Correlations of the first time point value and the 6 month change in serum KL-6 or SP-D with the 6 month change in % FVC or % DLCO are shown in table 2. At the first time point, neither serum KL-6 nor SP-D was significantly correlated with the 6 month change in % FVC or % DLCO. Correlations of biomarker changes with the PFT results are also shown in table 2. The change in serum KL-6 significantly correlated with those in % FVC and % DLCO (rs= −0.38, p<0.01; rs= −0.33, p=0.01, respectively). The change in serum SP-D was also significantly associated with that in % FVC (rs= −0.37, p<0.01), while the change in serum SP-D was not correlated with that in % DLCO (rs= −0.14, p=0.32).
TABLE 2.
Correlations between serum biomarkers and 6 month change in physiological parameters
| 6 month change in FVC % predicted | 6 month change in DLCO % predicted | |||
| rs | p-value | rs | p-value | |
| First time point | ||||
| Serum KL-6 | −0.25 | 0.07 | −0.13 | 0.36 |
| Serum SP-D | −0.09 | 0.51 | −0.07 | 0.63 |
| 6 month change | ||||
| Serum KL-6 | −0.38 | <0.01 | −0.33 | 0.01 |
| Serum SP-D | −0.37 | <0.01 | −0.14 | 0.32 |
FVC: forced vital capacity; DLCO: diffusing capacity of the lung for carbon monoxide; KL-6: Krebs von den Lungen-6; SP-D: surfactant protein-D.
Predictors for overall survival
During the observation period, which was an average of 647 days (range, 127–2019 days), 22 (29.3%) patients died.
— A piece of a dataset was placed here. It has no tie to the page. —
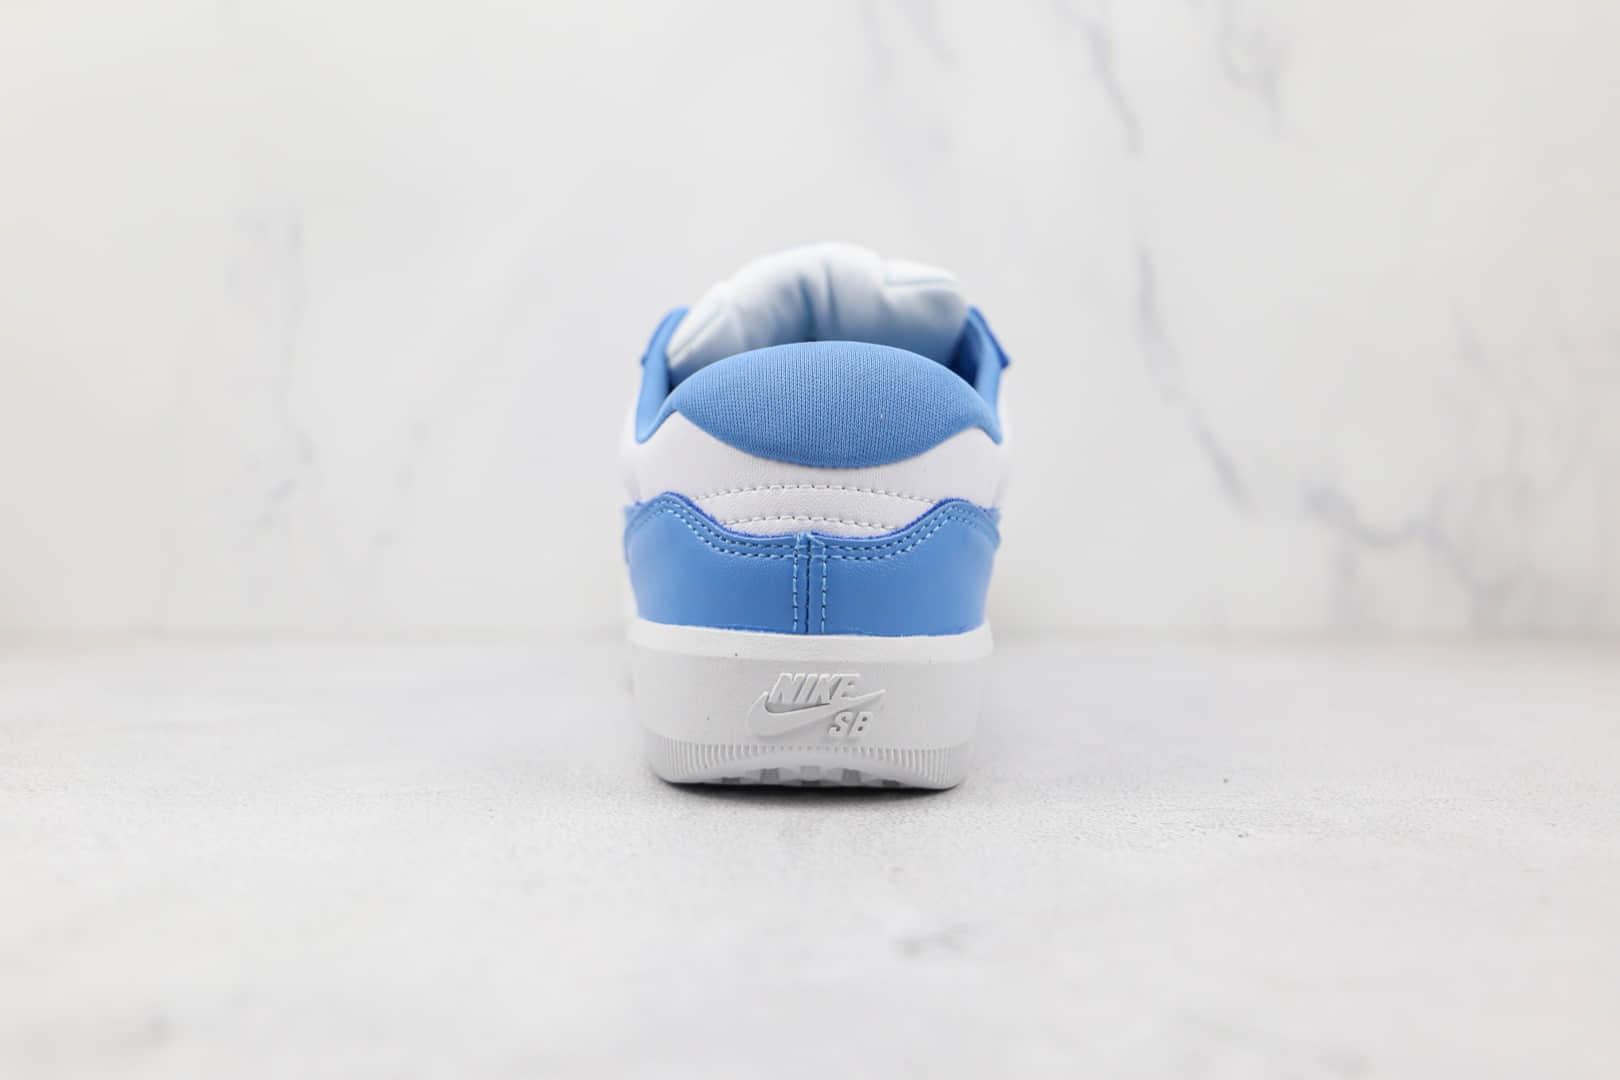 耐克Nike SB Force 58系列纯原版本白蓝色SB滑板鞋原鞋开模一比一打造 货号:CZ2959-441

The causes of death were acute exacerbation in 8 (36.4%) patients, chronic respiratory failure in 4 (18.2%), pulmonary infection in 4 (18.2%), lung cancer in 1 (4.5%), and other causes not associated with pulmonary diseases in 4 (18.2%). One patient (4.5%) died of an unknown cause. Only two patients underwent lung transplantation.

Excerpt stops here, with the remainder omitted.